Argo Workflows

OGDC recipes are executed via one or more argo-workflows. The OGDC Service API is responsible for translating user recipes into argo workflows that are submitted and executed by Argo.

This document includes details of how Argo is setup and used by the OGDC.

argo-workflows server configuration

The configuration for argo-workflows is defined in the ogdc-helm repository. Refer to the configurations there to see the specifics of how argo is setup for deployment.

Argo Python API (Hera)

The OGDC uses the hera python package to interact with the argo-workflows API. Boilerplate setup and configuration of argo via hera can be found in ogdc_runner.argo.

Workflow artifacts

Argo artifacts are configured to use an S3-compatible artifact repository.

Artifacts are used to store intermediate workflow outputs and the final output of recipes with a temporary output type.

Artifacts will be automatically garbage collected on workflow deletion. See the Workflow persistence section below for details on automatic workflow deletion.

Workflow persistence

Successful Argo workflows are retained for 1 day. Workflows associated with recipes with the temporary output type are retained for 7 days to allow for sufficient time to retrieve final outputs.

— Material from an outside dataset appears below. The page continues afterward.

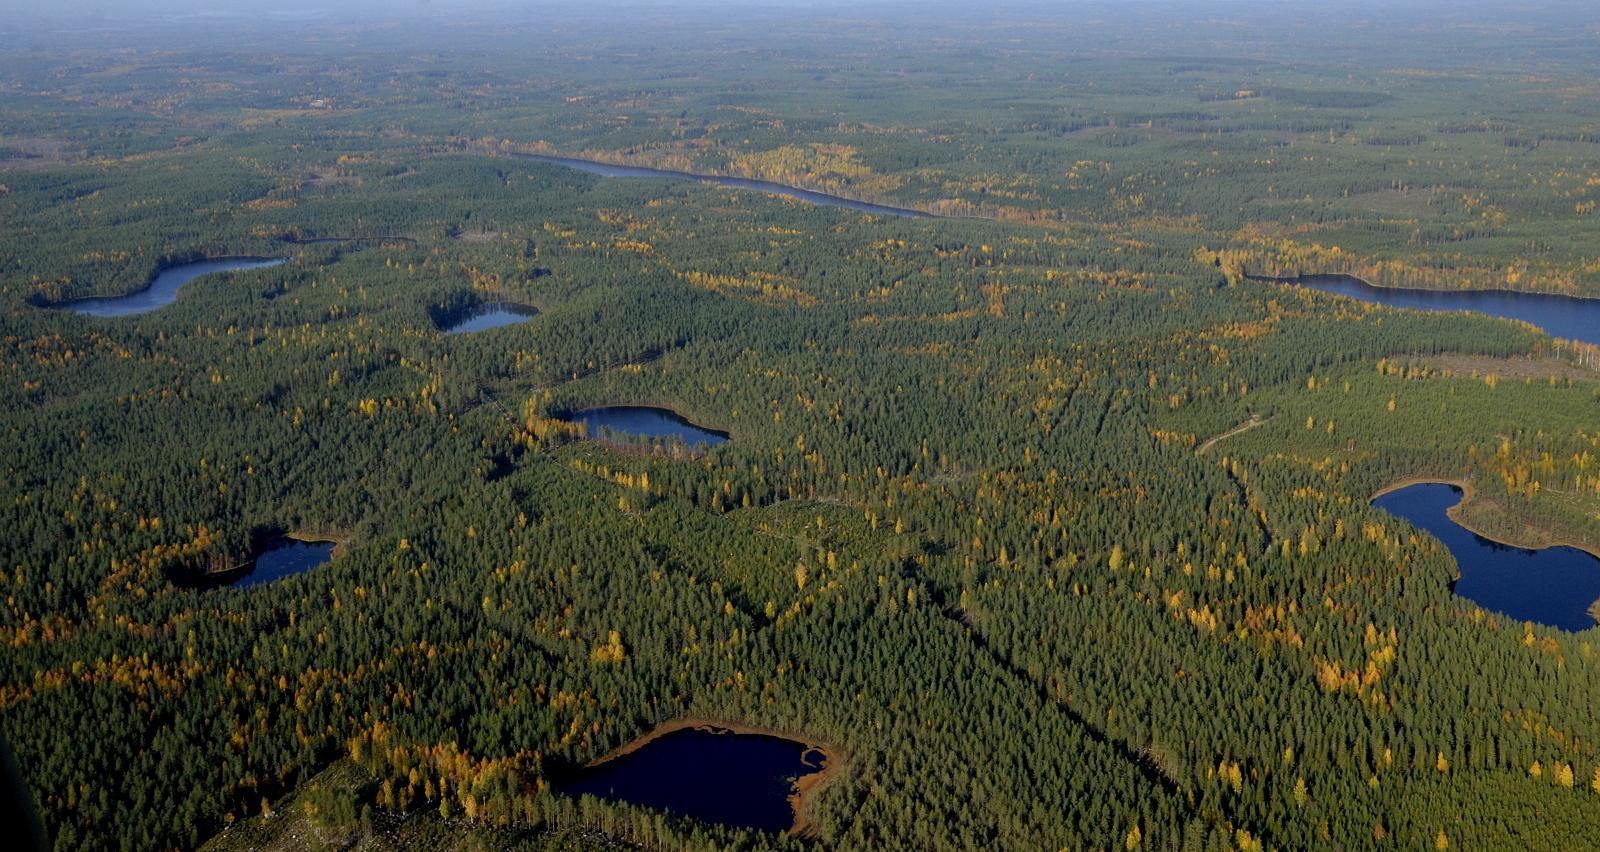 Lisää pieniä lampia, osa nimettömiä. Vasemmalla ylhäällä Salmijärvi, oikealla ylhäällä Keskimmäinen Vuorijärvi.

Successful workflows with the ogdc/persist-workflow-in-archive: true label will be archived in the OGDC’s postgresql database for long-term storage. These archived workflows can be used for metrics and data provenance purposes.

Non-successful workflows are not automatically cleaned up or archived. They are retained for inspection/debugging and should be cleaned up manually once the issue leading to failure is resolved.

To ensure consistent behavior of OGDC-submitted argo workflows (e.g., setting the archival label and TTL for successful workflows), the ogdc_runner.argo.OgdcWorkflow context manager has been defined to wrap the behavior of hera’s Workflow.